A Bayesian method, such as a Bayesian AB test using Markov Chain Monte Carlo (MCMC), can be more flexible with unusual distributions and small data sets. Instead of p-values, you obtain a posterior distribution over the metric’s difference. You can then compute the probability that one variant exceeds another by at least a certain threshold. This method naturally incorporates prior knowledge about typical effect sizes or distribution shapes if such information is available.
The pitfall is that Bayesian approaches require careful selection of priors, which can introduce subjectivity. An improperly chosen prior might bias the conclusions, especially with small sample sizes. Nonetheless, for certain real-world cases, the interpretability and flexibility of a Bayesian framework can be highly valuable.
What are the trade-offs between using a parametric approach on transformed data versus using a non-parametric test?
When faced with non-normal data, one option is to transform the data (e.g., using a log transform if the data is right-skewed) so that a parametric test’s assumptions become more reasonable. Another option is to apply a non-parametric test directly. Each approach has trade-offs:
Transforming data can simplify the interpretation if the transformed metric still has a meaningful interpretation. However, in some cases, a log transform might distort the meaning of differences (e.g., differences in log scale are multiplicative in the original scale).
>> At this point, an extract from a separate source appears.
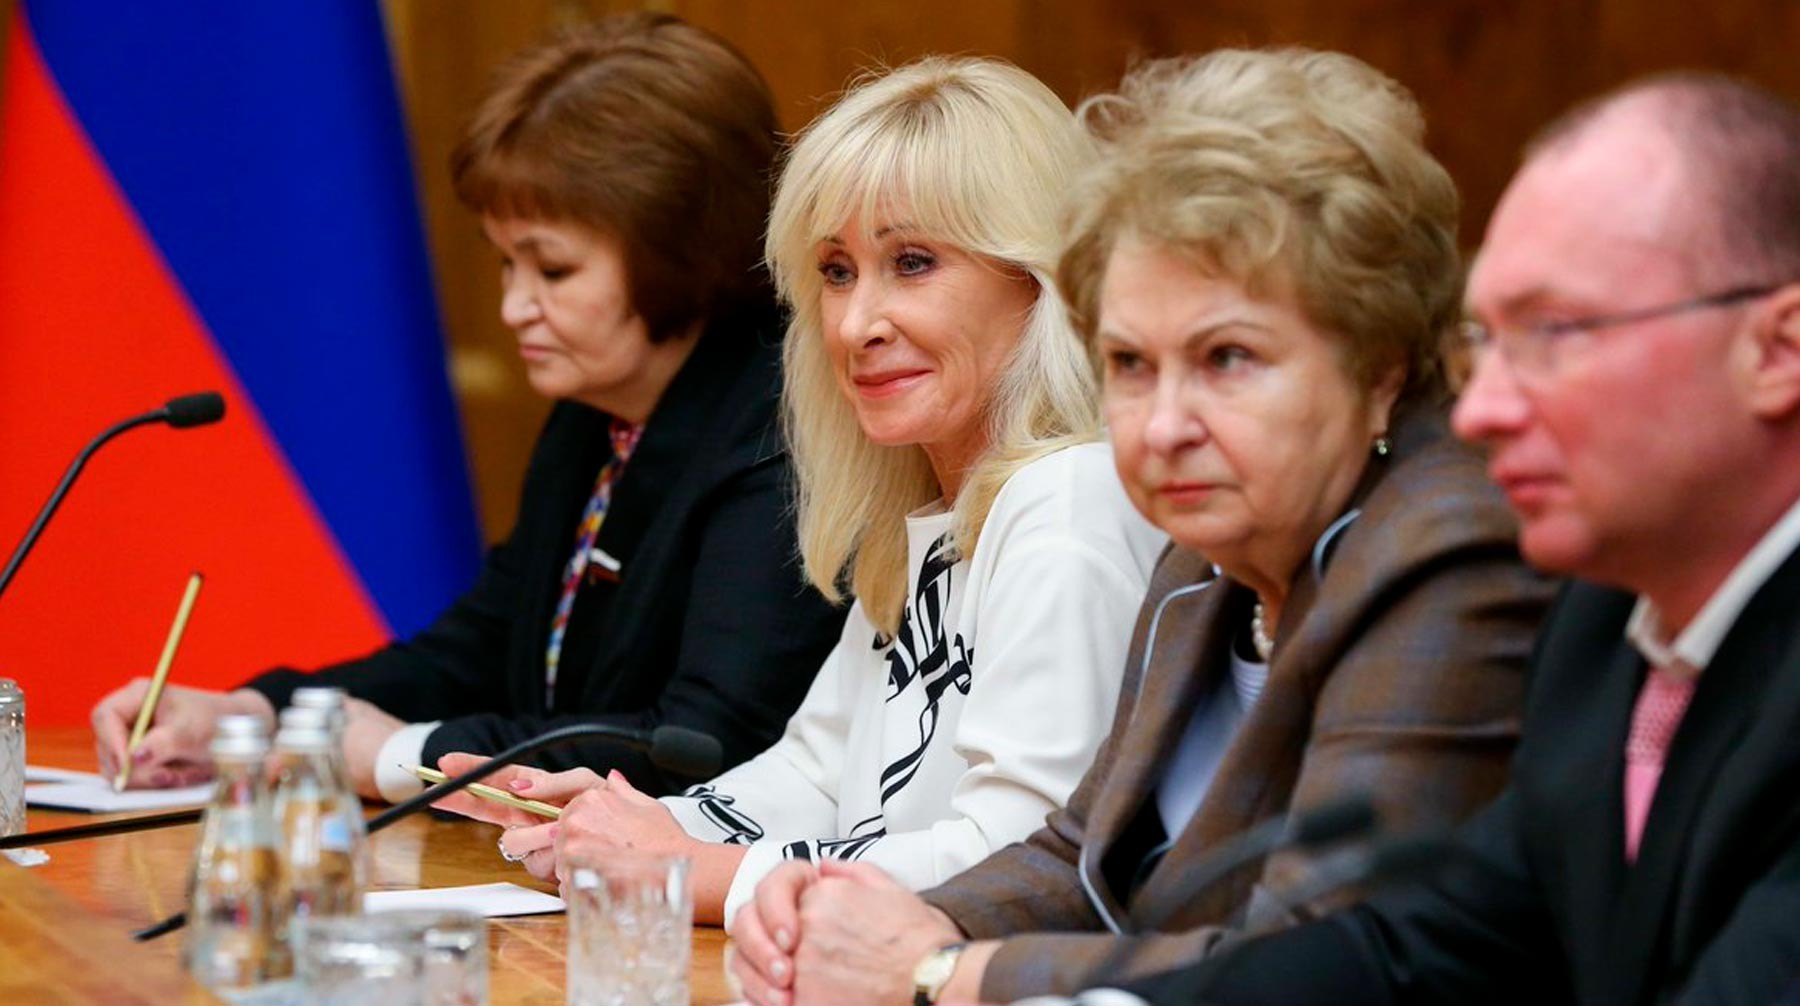 Dailystorm - «Сверхцинично и абсурдно»: защитницы прав женщин раскритиковали предложение Кузнецовой об абортах

Non-parametric tests require fewer assumptions but may have slightly less power if the data could have been made approximately normal through an appropriate transformation.
A subtlety arises when transformations fail to normalize the distribution: you could inadvertently misapply a parametric test. Checking diagnostic plots (e.g., Q-Q plots) or performing goodness-of-fit tests can guide whether a transformation is actually improving normality.